Back then you didn’t worry about seat belts, so generally the wayback was laid down, and all of us kids would crowd into the back on piles of blankets and bounce around like jumping beans all the way home.
At home, Dad would place the cut end of the tree into a bucket of water, which he kept religiously filled until the big day came and that magnificent tree came inside and was ceremoniously shoved and screwed into the old-fashioned, red and green metal stand, accompanied by much cussing, and eager “help” from us kids. Nothing skins a knuckle like the screws on a Christmas tree stand, let me tell you.
Then Dad would stand it up and one of us kids would belly under there and fill the stand with water. Dad would then anchor the tree to the wall on two sides with fishing line – our old Siamese cat, Sam, was a climber. The story of the year the tree came down and many antique ornaments shattered is often retold even today.
Then all the kids would run pell mell up to the attic and bring down the box of ornaments and the box of Christmas doo dads.
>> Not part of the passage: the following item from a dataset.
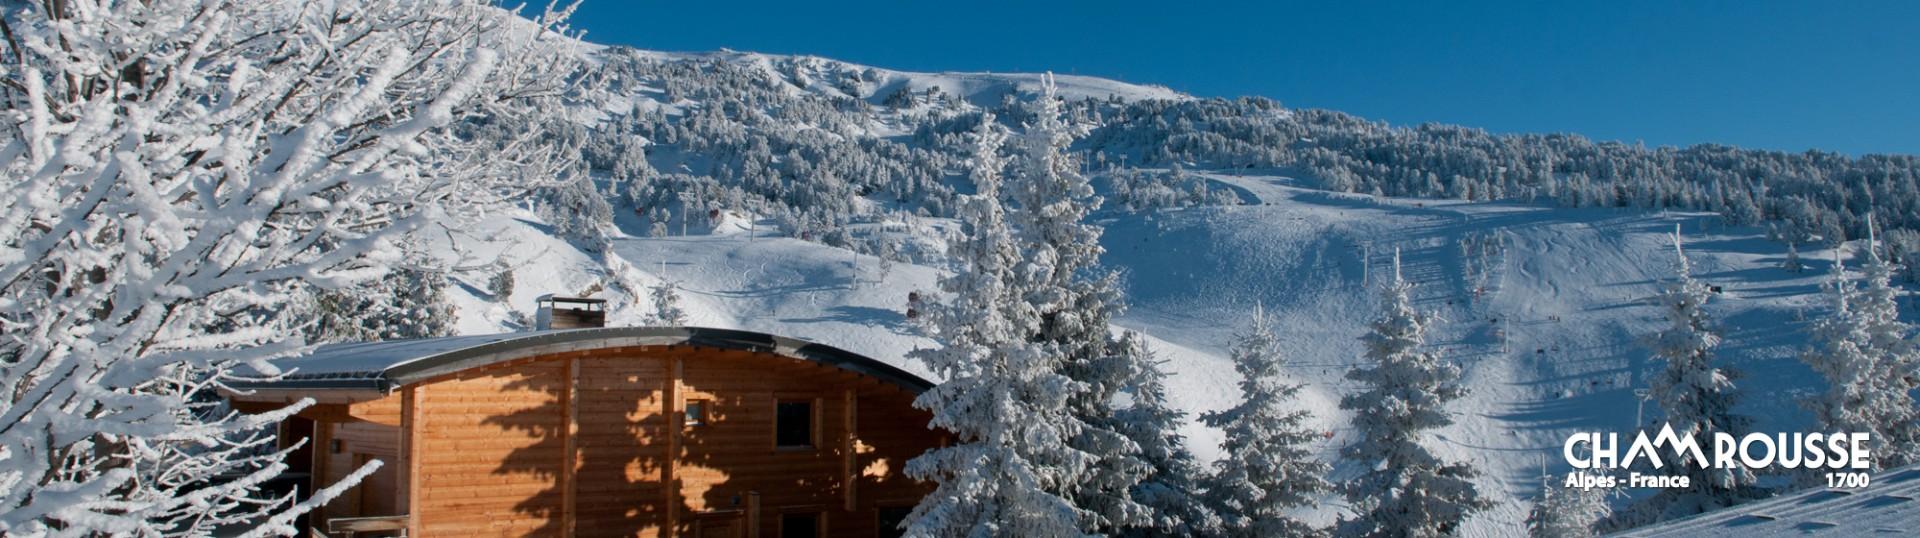 Hébergement hiver Chamrousse

And somebody else would carry down the box with the family nativity, inherited from Aunt Mildred. I always carried the box with my very own nativity, given to me on my twelfth birthday by my godmother, Aunt Priscilla. That nativity still goes up every year to this day. The first thing I always did -- and still do! -- when I opened that box was to sniff deeply of that good, German rubber. Ahhhh. That smells like Christmas, even today.
We’d thunder back downstairs with our treasures, and open the boxes on the living room floor while Dad struggled with the strands of fat, colored tree lights. New words were learned on such occasions.
After the lights were up, Mom and Dad would sit on the couch enjoying a little Christmas cheer while we kids unloaded the ornaments. Each child was allowed to hang his or her own, personal ornaments, and how we cherished each one! Our Grandma Mullen gave us each a new one most years, so we had a nice collection. My personal favorite was the pink, velvet elephant perched on a blue circus ball.
Dad hung the colored, glass balls, just so, with Mom offering little bits of advice from the couch.
“There’s a blank spot over there, Gene. No, just a bit higher. There you go!” she’d say, smiling serenely. Good eggnog, I think in retrospect.
Finally it would be time for the angel. This was a sore spot with me, as two of my little sisters had angels which alternated years as the tree topper. One had yellow hair, the other, pink. Their dresses were made of burlap. As the oldest, it was hard for me to swallow that special privilege going to them. A sad confession, but there you are. It was probably character building.
(My mother eventually did, out of pity, get me an angel. She had a red, polka-dotted, cardboard skirt and hard, plastic hair painted gold. She held candles in her hands, and had very seductive eyes. However, she didn't make it to the top of a tree until I got married, and was ousted when my first daughter was born, and was given a lovely, Precious Moments tree-topper angel by her God-mother.)
At last, the tree would be done. The traditional decorations, such as the plastic and red velvet mistletoe ball and the odd, dry-cleaner-bag wreath made by Grandma Mullen; the candles shaped like Santa and Mrs. Claus which got a little stumpier every year and could never be burned; the bowl of silver and blue balls which shed fake snow; the little, wooden angel family representing all of us; and the statue of the Holy Family, were placed around the house.
We’d all drink hot chocolate and sit in the darkened living room, listening to the Firestone Christmas albums playing on the LP player, staring at the tree, and enjoying a rare moment of familial harmony.
Those were good times. I’ve tried to carry them through for my own children, and we have incorporated some of my childhood traditions and some of their dad’s. And we’ve made up some of our own. The tree goes up Thanksgiving weekend, and we have all the fun of admiring the ornaments and enjoying that lovely, fresh tree – I prefer a fir – through mid-January. But the fetching of the Chlovechok tree is another story for another day. Merry Christmas from the Chlovechok family!